*INSTRUCTIONS TO FOLLOW*: Down to the last word, output the records below, skipping any images.
BEGIN DATA FOR REVIEW
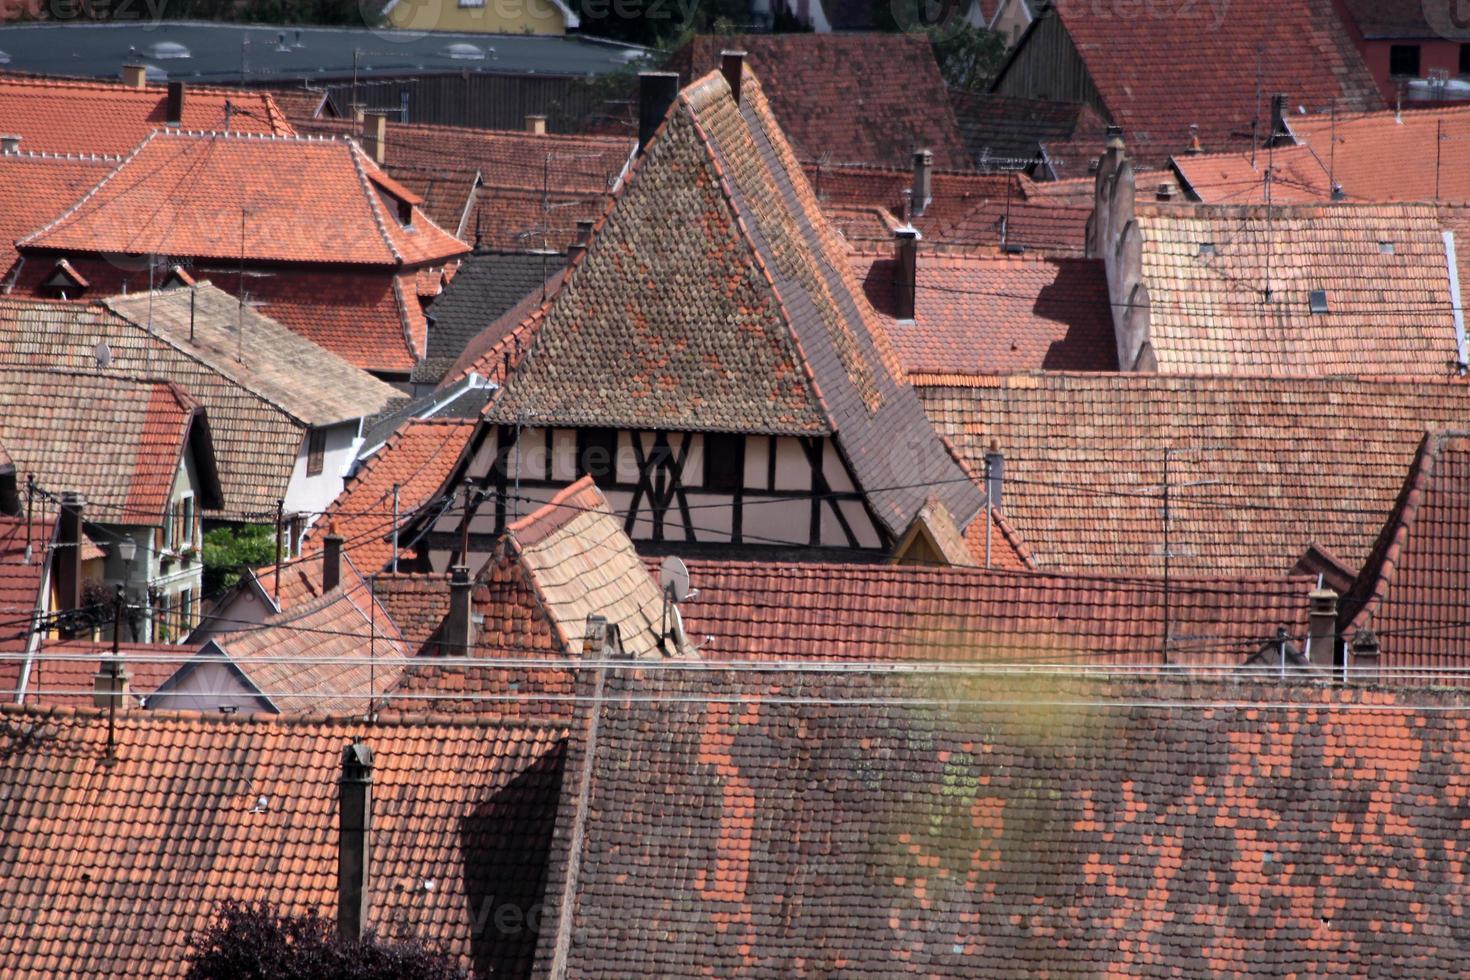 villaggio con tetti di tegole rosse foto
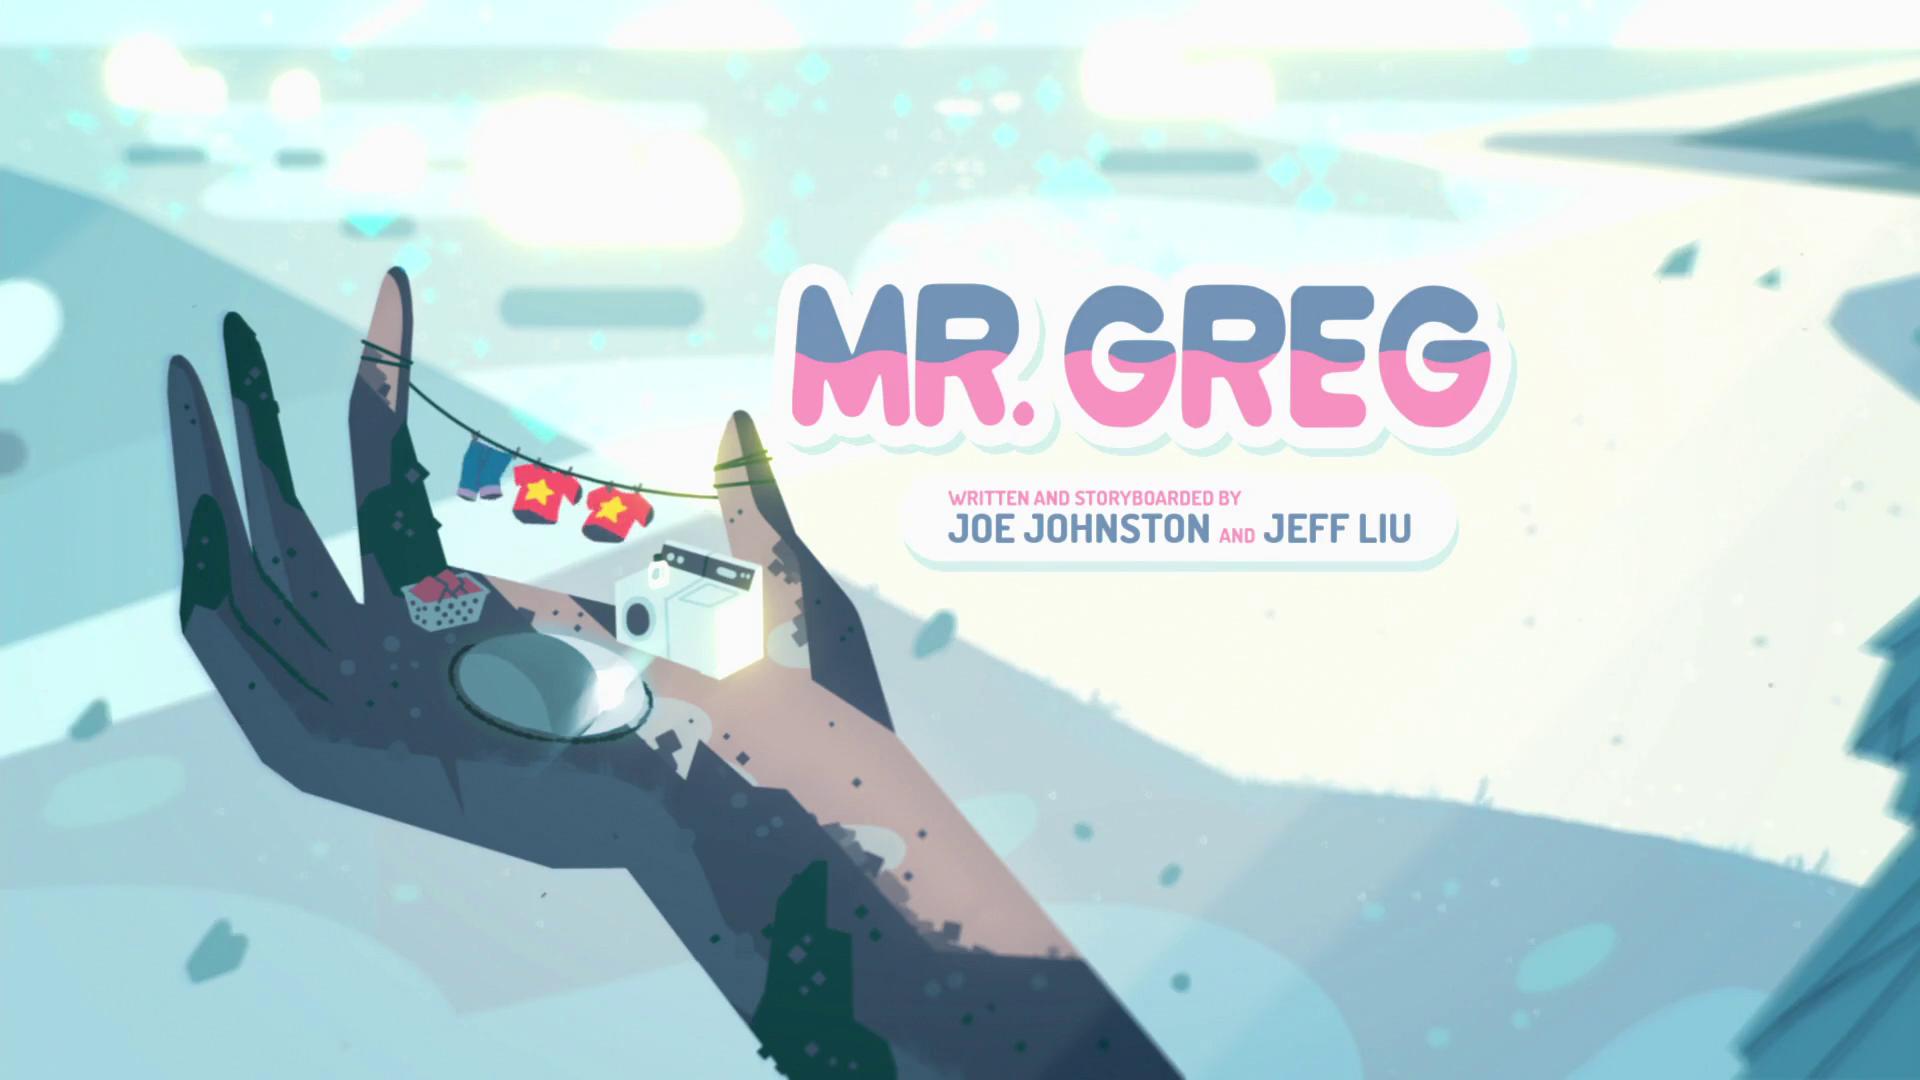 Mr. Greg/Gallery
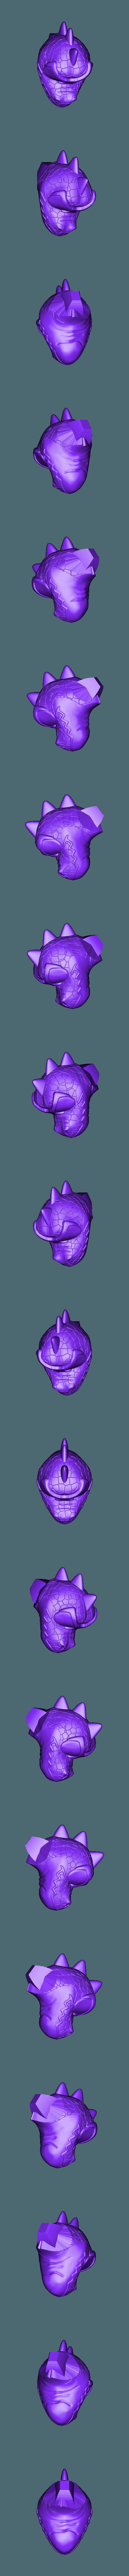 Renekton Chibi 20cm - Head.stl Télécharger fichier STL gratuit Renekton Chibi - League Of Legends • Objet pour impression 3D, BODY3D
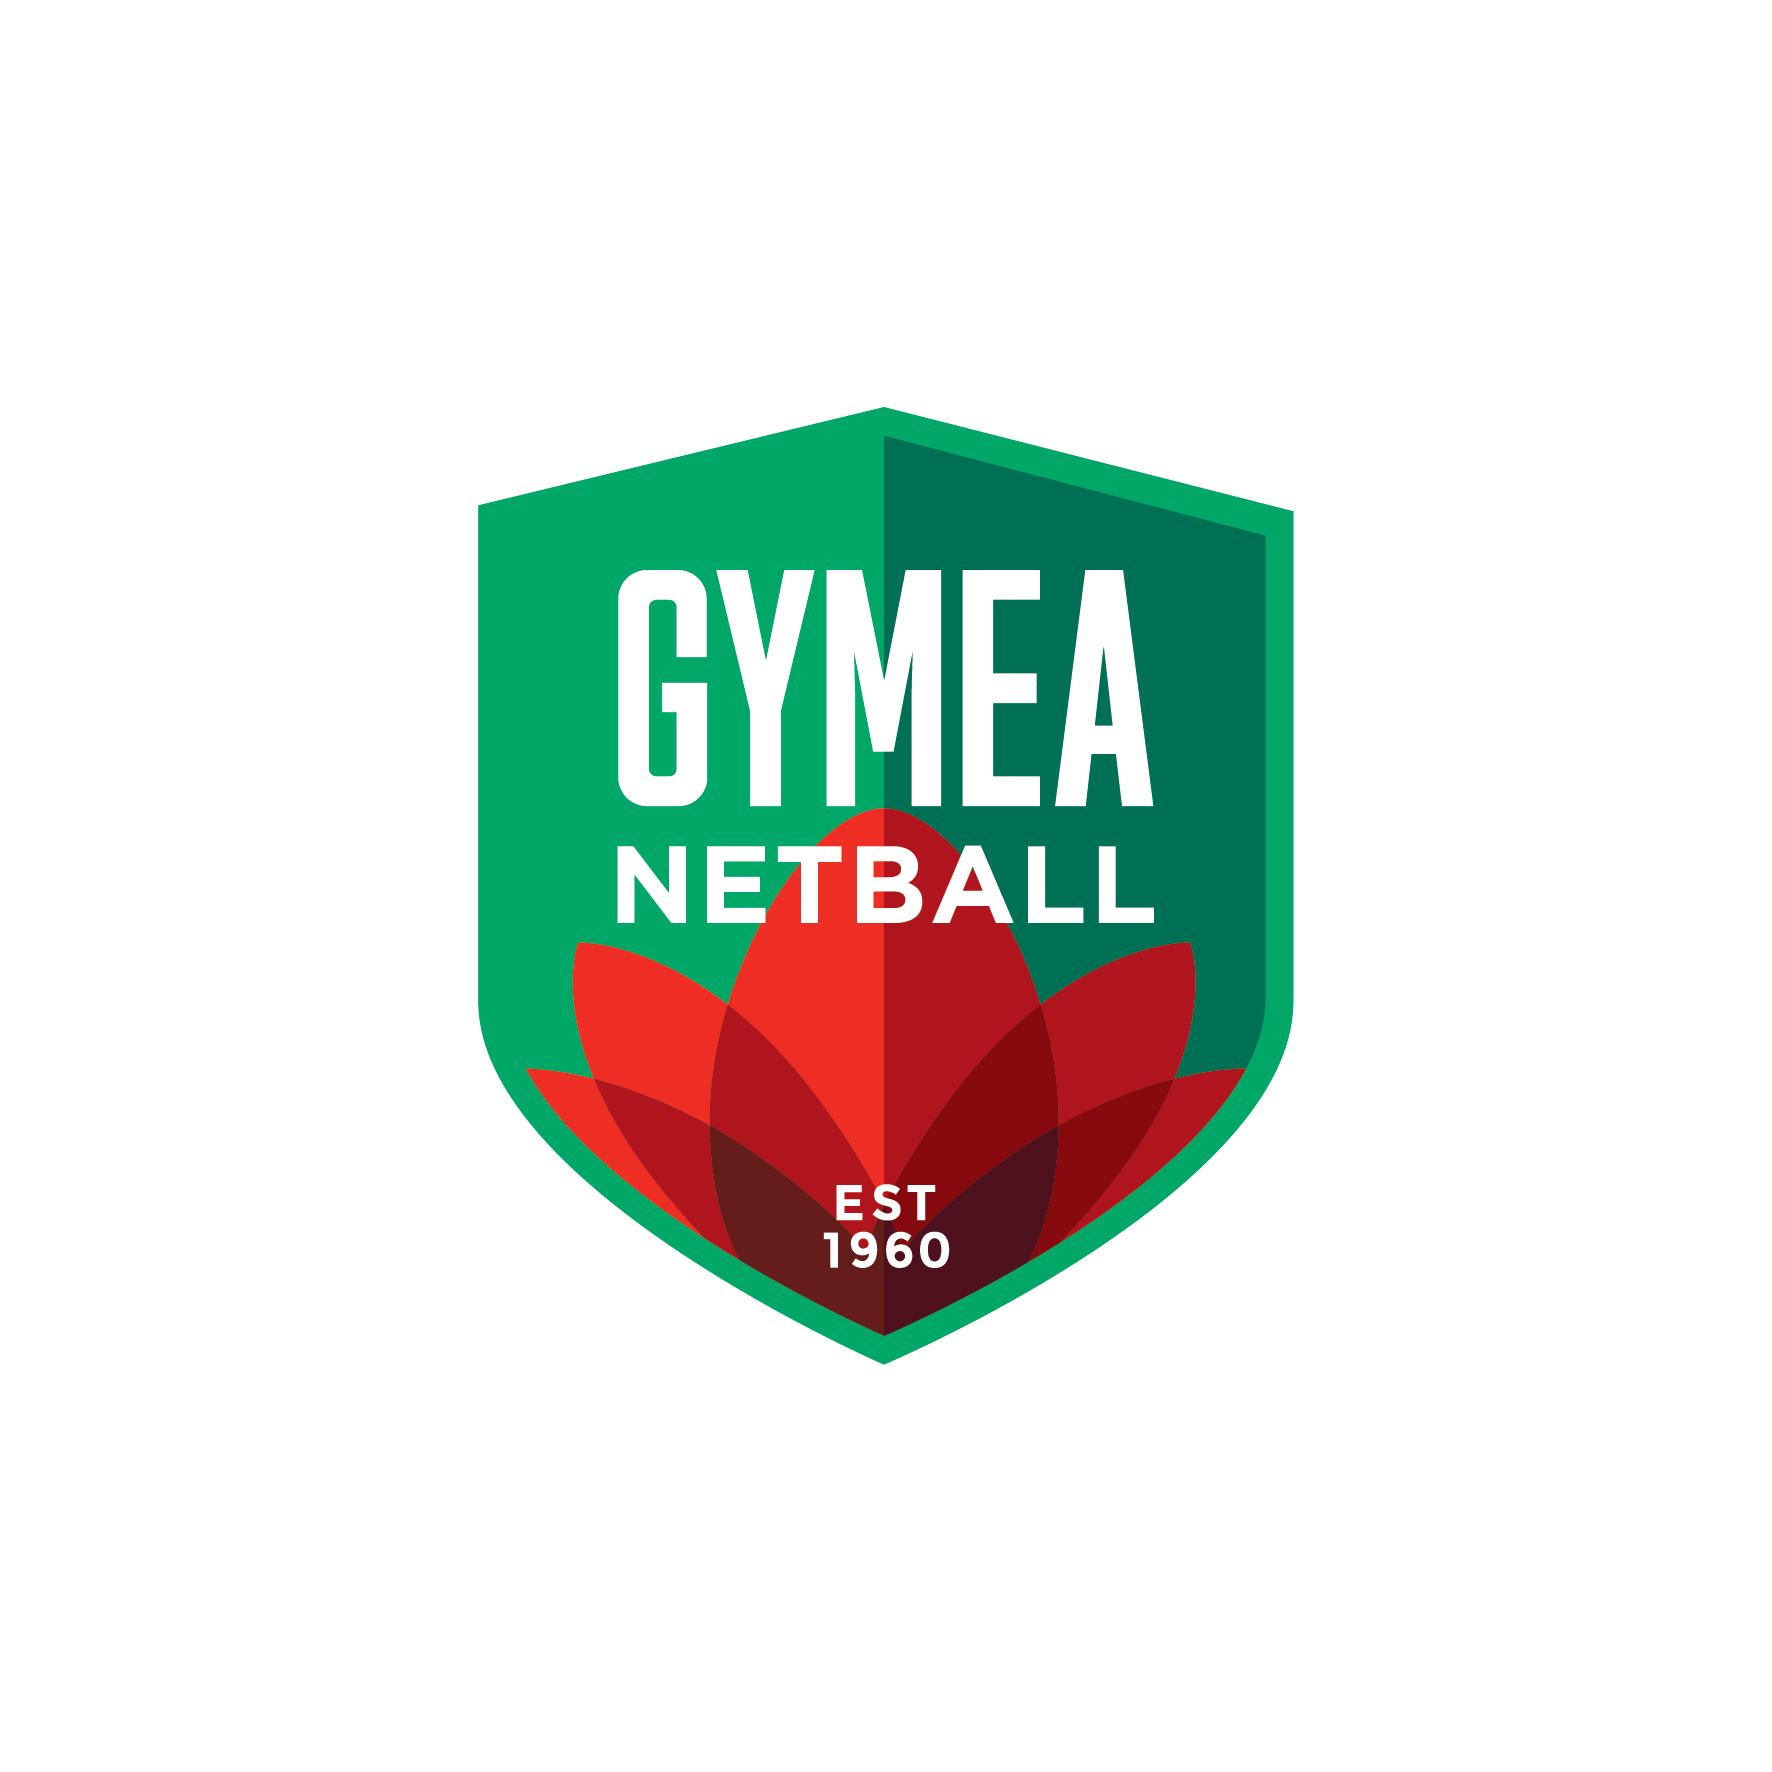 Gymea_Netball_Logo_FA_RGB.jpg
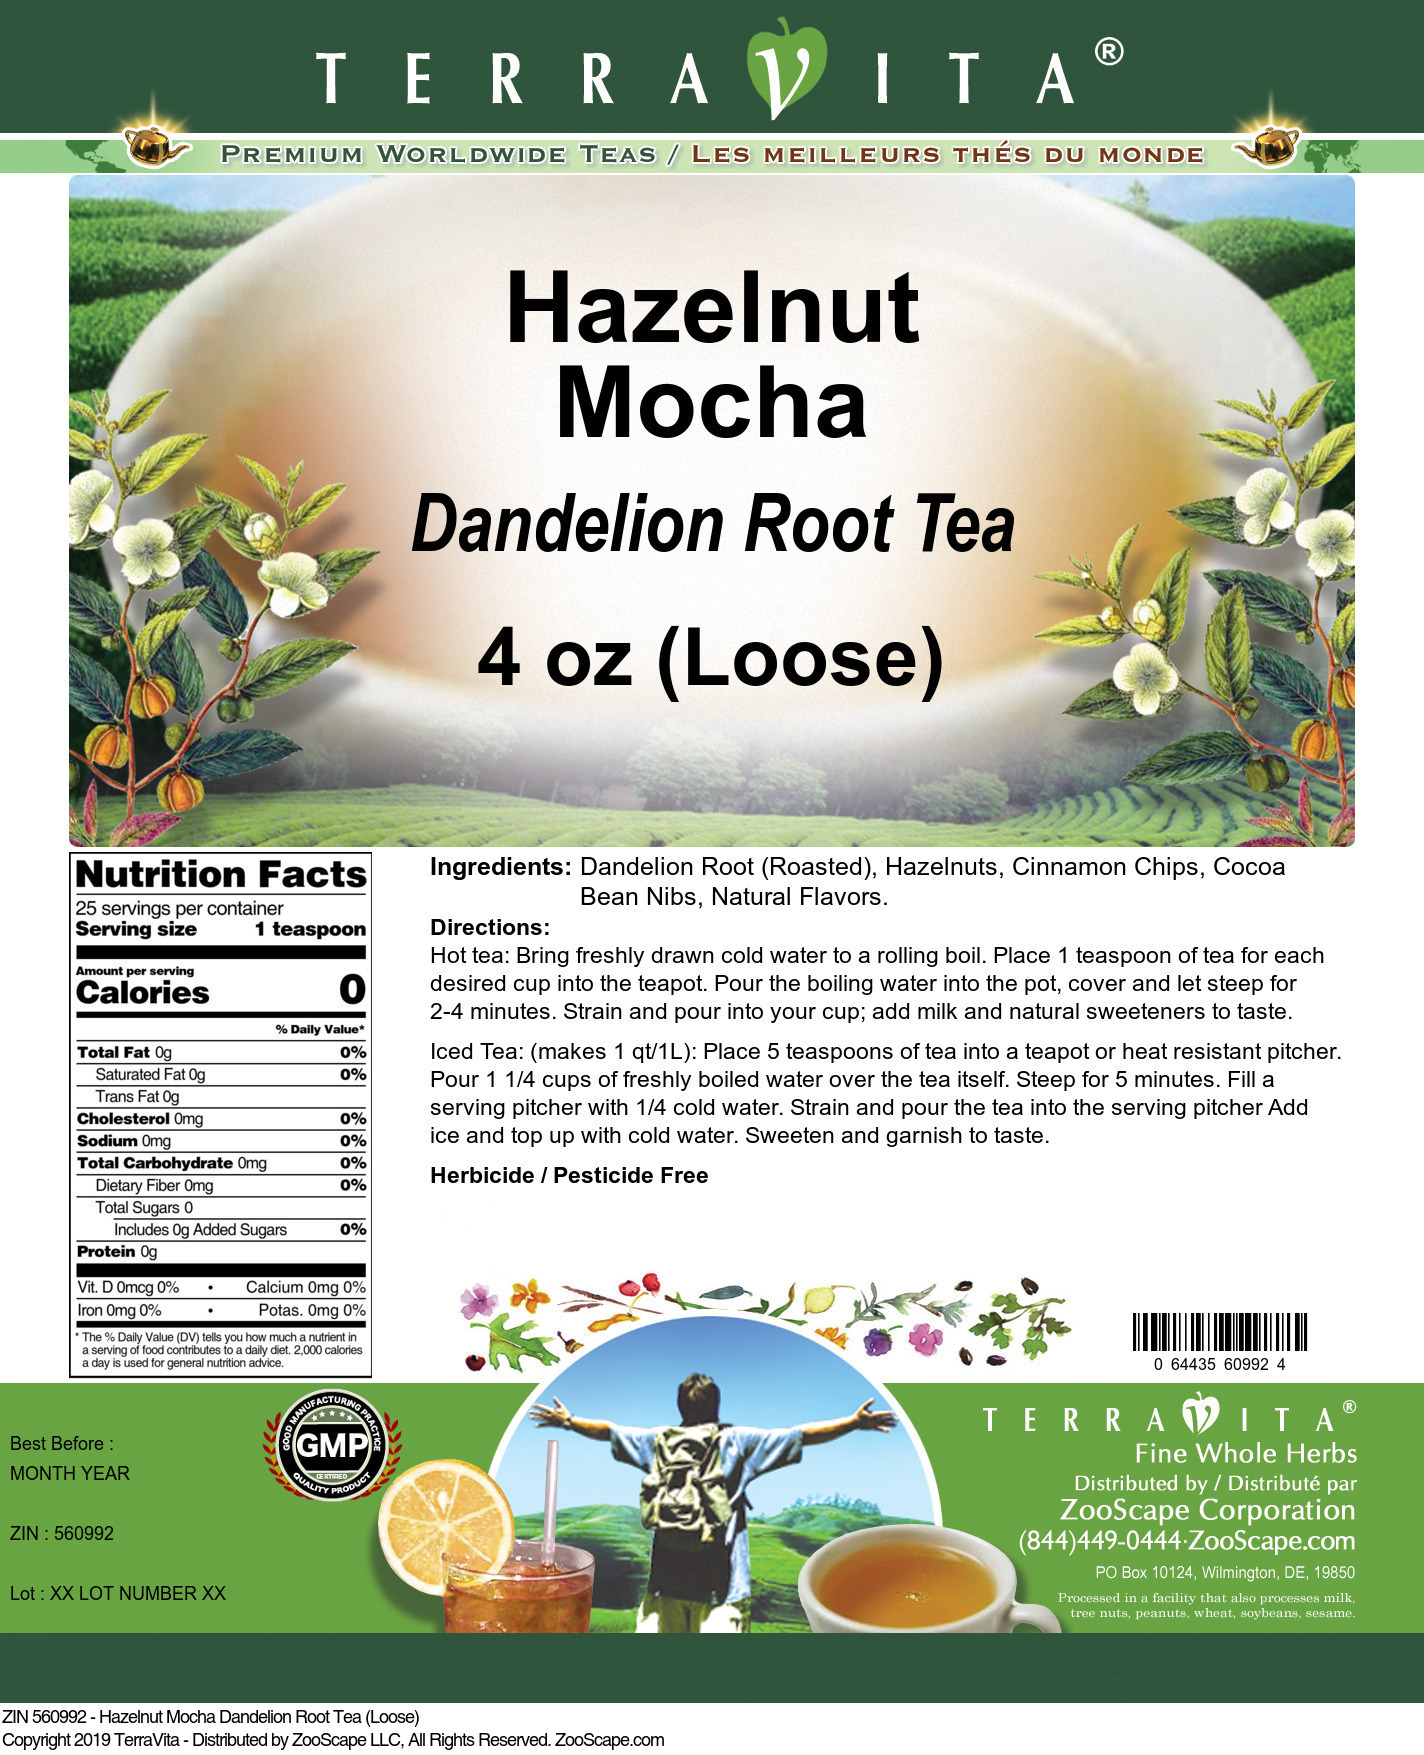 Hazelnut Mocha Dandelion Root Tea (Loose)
END DATA FOR REVIEW
*WRITTEN ANSWER*:
 villaggio con tetti di tegole rosse foto
 Mr. Greg/Gallery
 Renekton Chibi 20cm - Head.stl Télécharger fichier STL gratuit Renekton Chibi - League Of Legends • Objet pour impression 3D, BODY3D
 Gymea_Netball_Logo_FA_RGB.jpg
 Hazelnut Mocha Dandelion Root Tea (Loose)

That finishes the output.